#### Input for this task ####

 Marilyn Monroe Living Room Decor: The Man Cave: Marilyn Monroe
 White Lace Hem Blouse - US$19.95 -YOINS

####
#### Input for this task ####

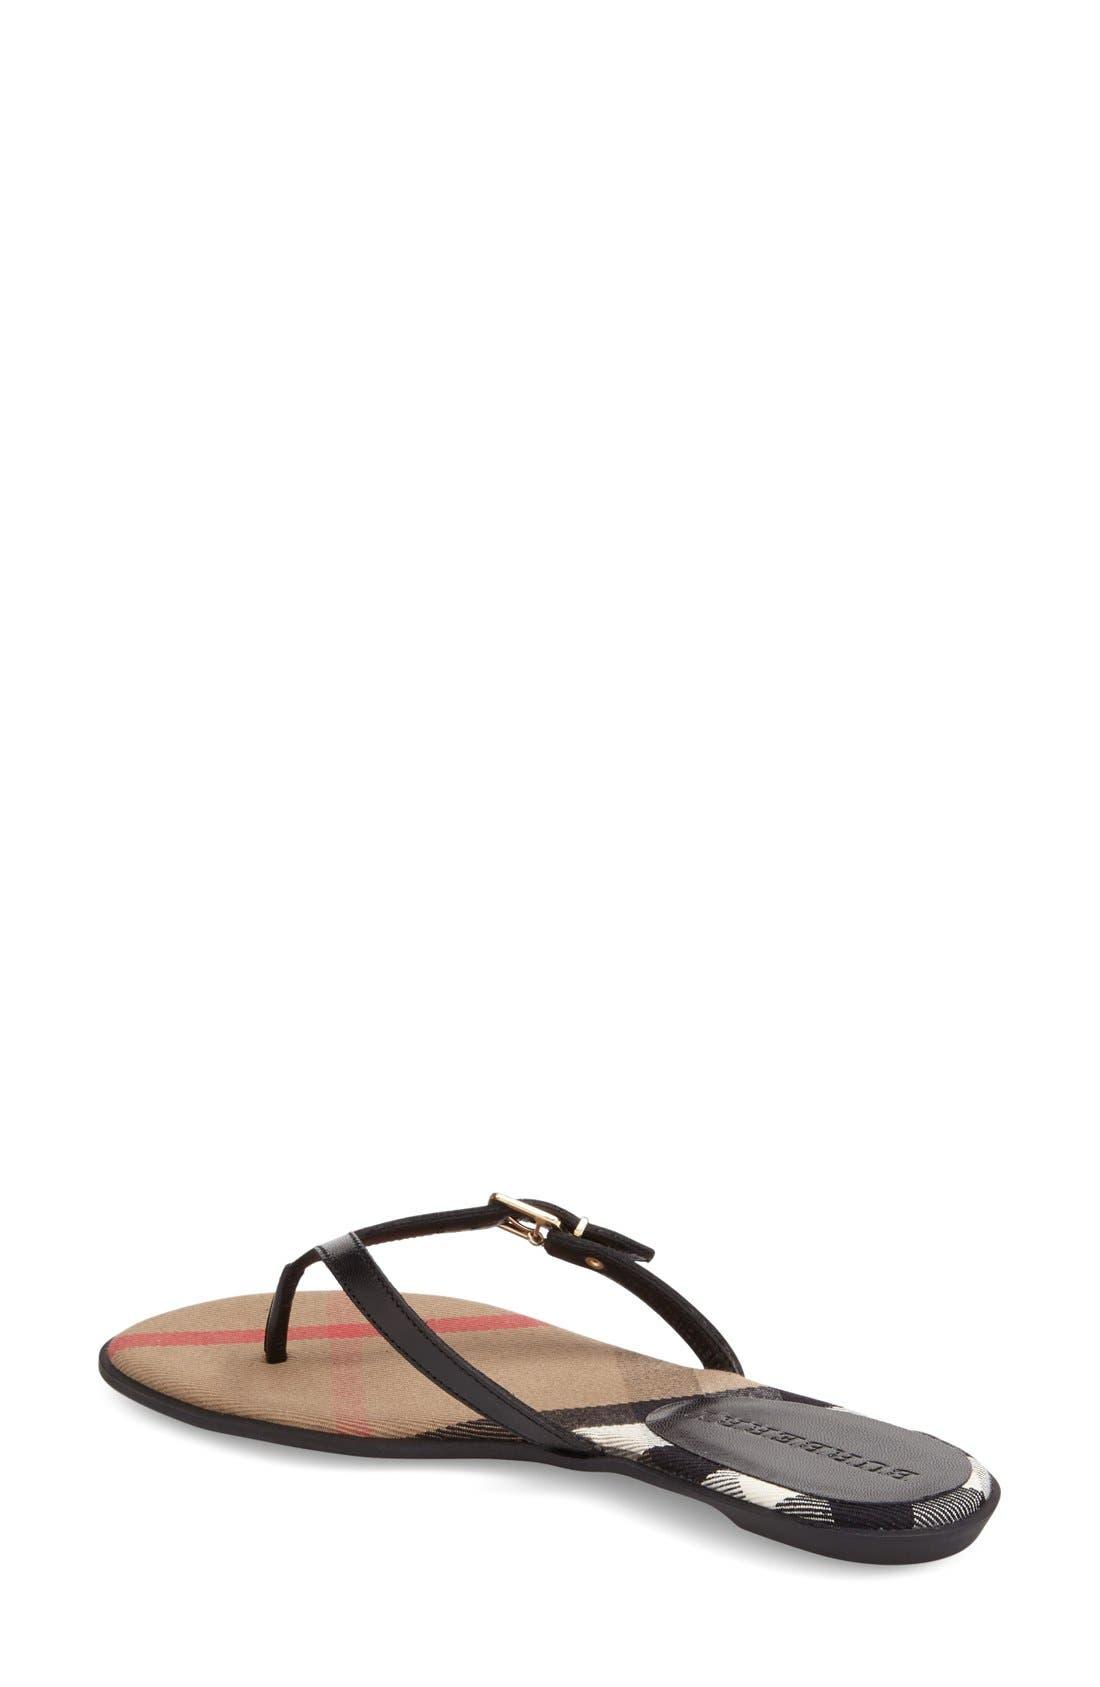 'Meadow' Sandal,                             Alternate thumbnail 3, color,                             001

####

• _Exercise_:
Reproduce word for word the material above, starting with the line that has "Marilyn Monroe Living" and stopping after the line that has "White Lace Hem Blouse - US$19.95 -YOINS".

• _Exercise response_:
 Marilyn Monroe Living Room Decor: The Man Cave: Marilyn Monroe
 White Lace Hem Blouse - US$19.95 -YOINS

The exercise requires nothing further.